ASSIGNMENT: The material below holds pictures; leave them out and reproduce exactly the lines from the one with "A Camp Scene" through the one with "Happy Thanksgiving Banner.", inclusive.

── EXCERPTED RECORDS ──

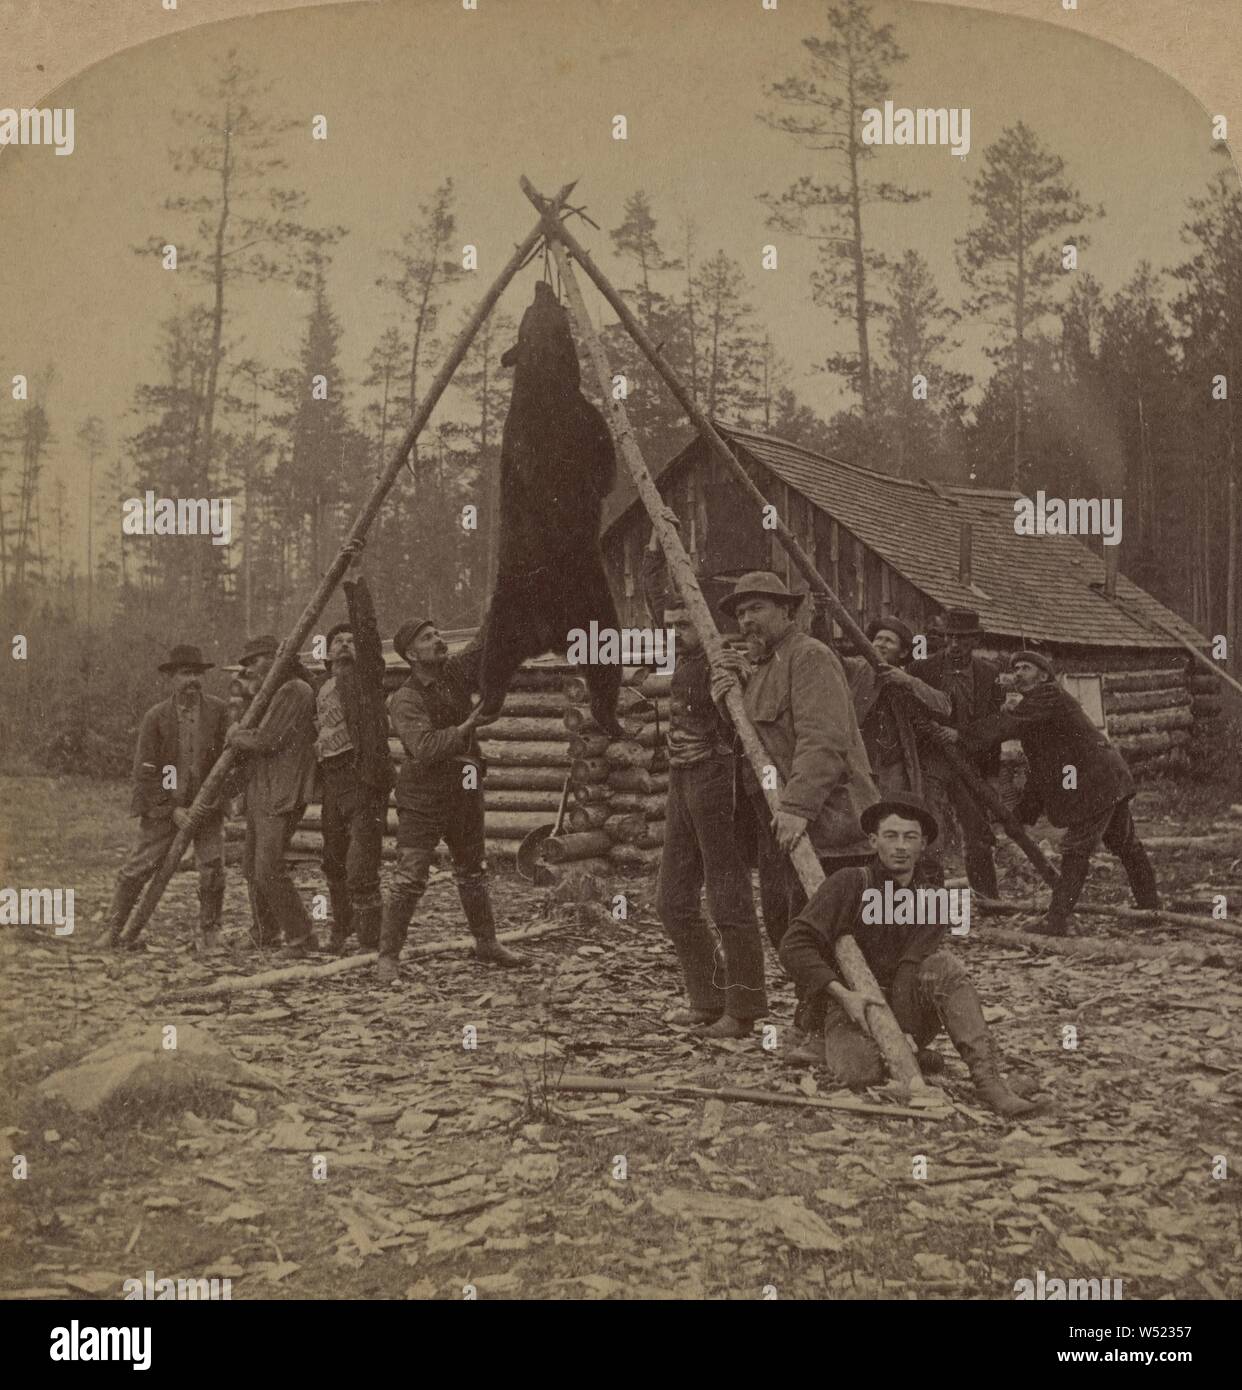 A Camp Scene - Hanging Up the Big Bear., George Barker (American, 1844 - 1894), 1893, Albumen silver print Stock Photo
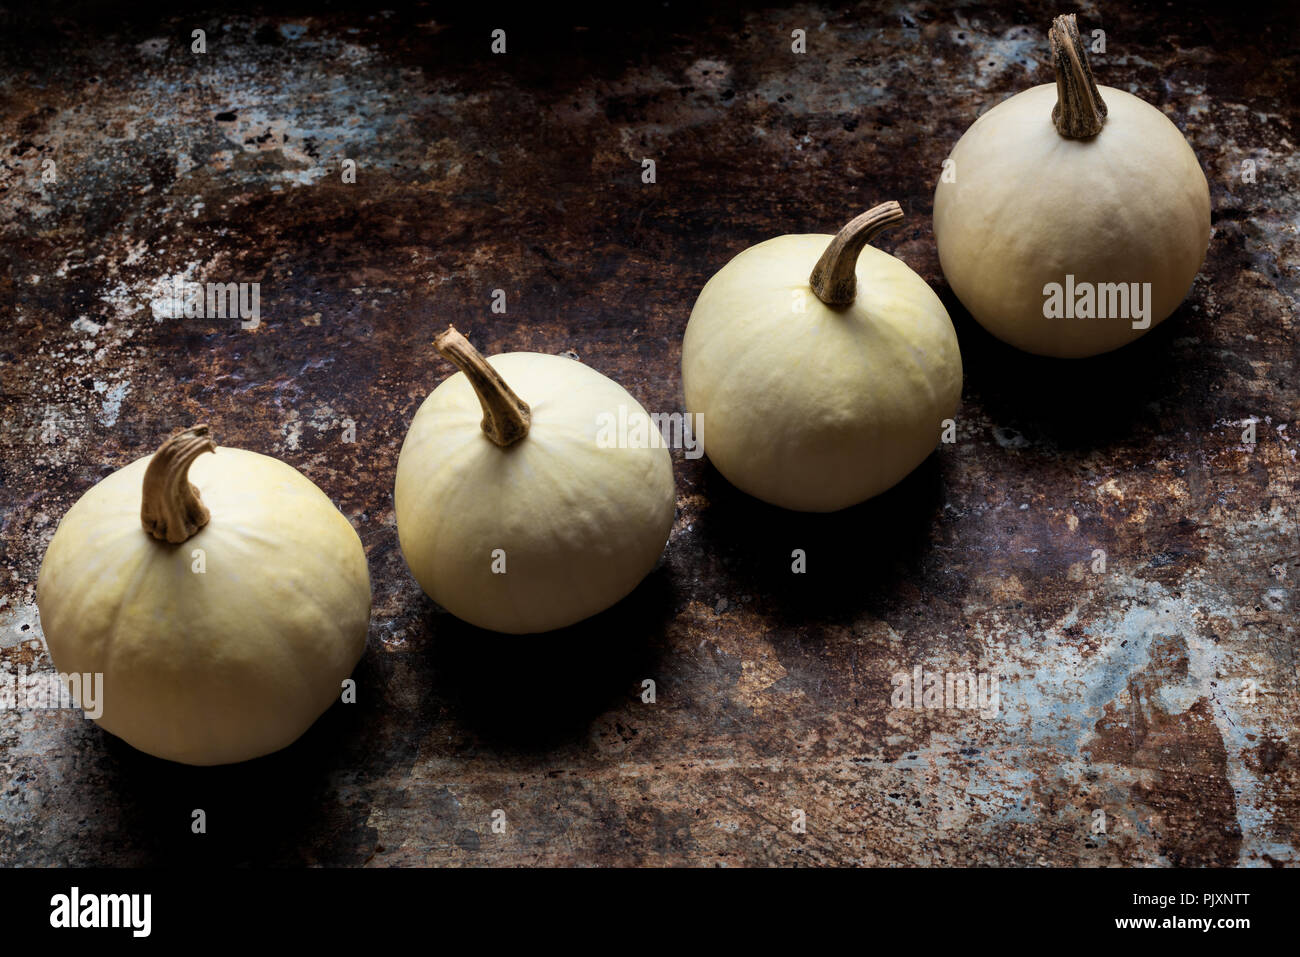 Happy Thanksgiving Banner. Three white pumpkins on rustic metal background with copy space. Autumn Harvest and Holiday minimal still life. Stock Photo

───
── EXCERPTED RECORDS ──

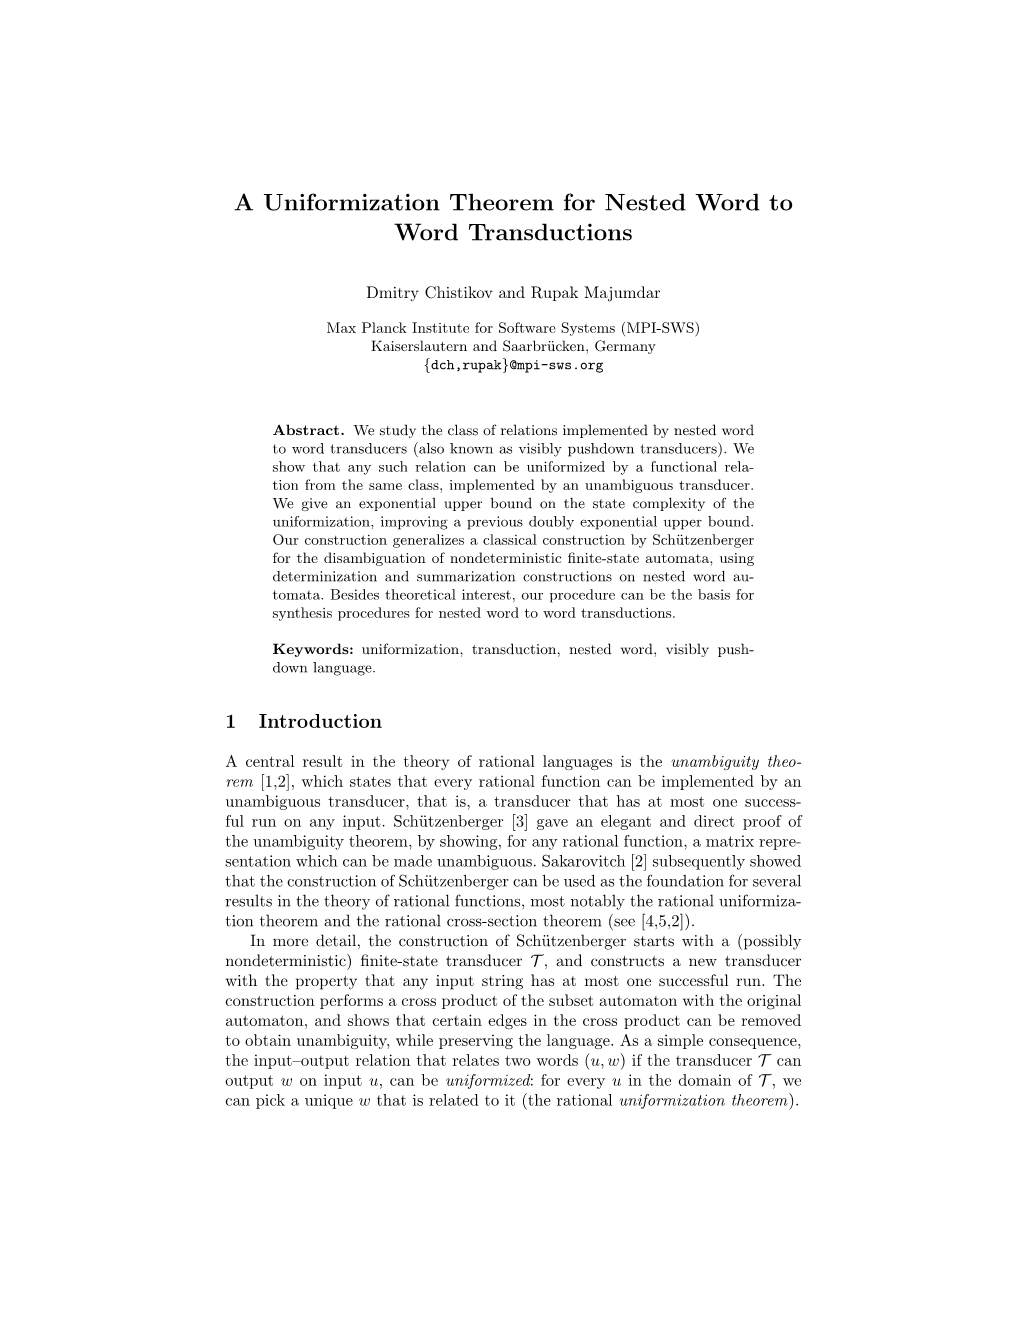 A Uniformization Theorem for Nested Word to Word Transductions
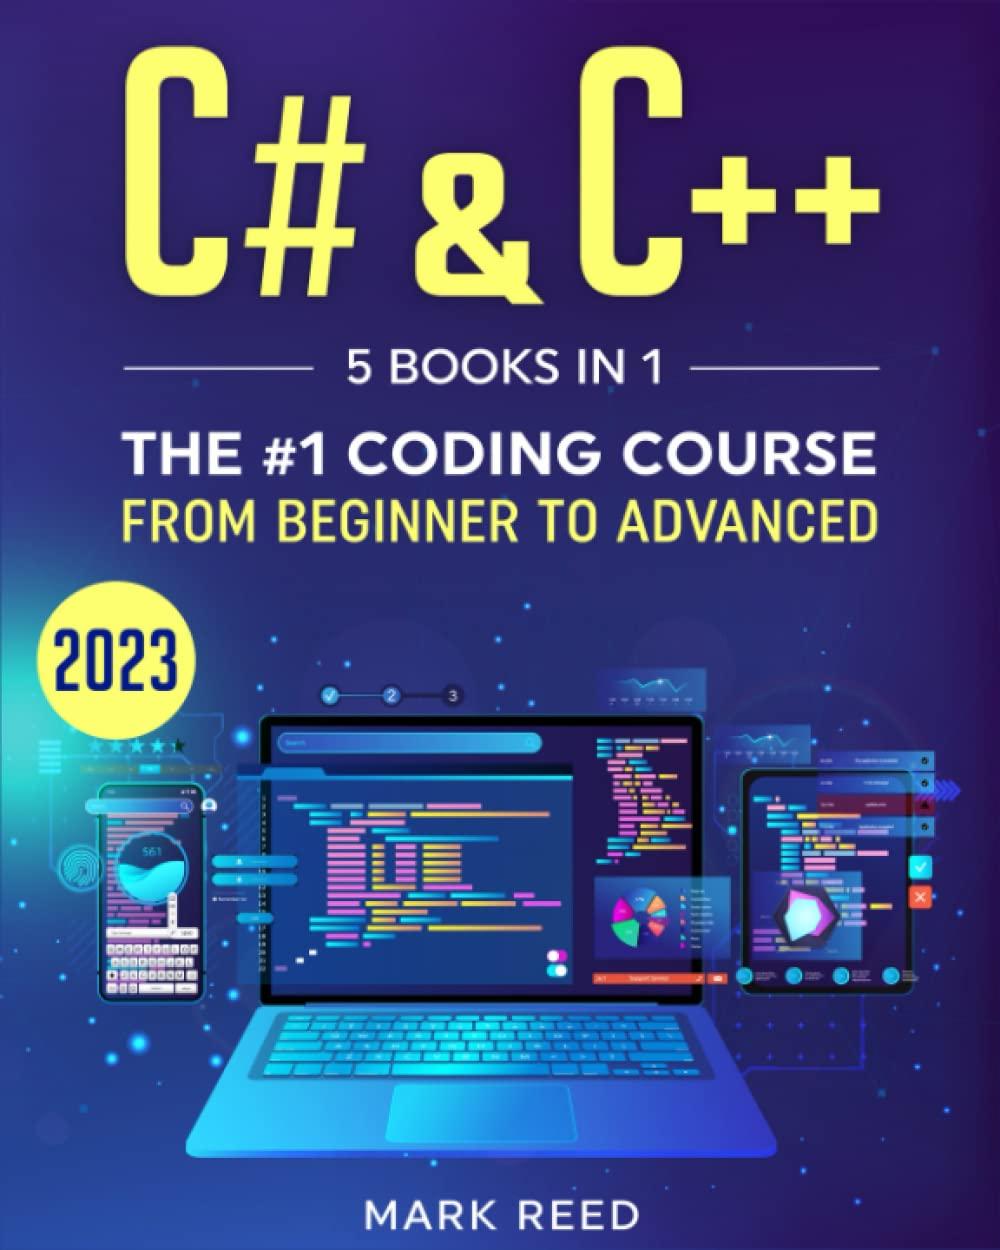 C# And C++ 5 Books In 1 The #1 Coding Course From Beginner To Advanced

───

YOUR RESPONSE:
 A Camp Scene - Hanging Up the Big Bear., George Barker (American, 1844 - 1894), 1893, Albumen silver print Stock Photo
 Happy Thanksgiving Banner. Three white pumpkins on rustic metal background with copy space. Autumn Harvest and Holiday minimal still life. Stock Photo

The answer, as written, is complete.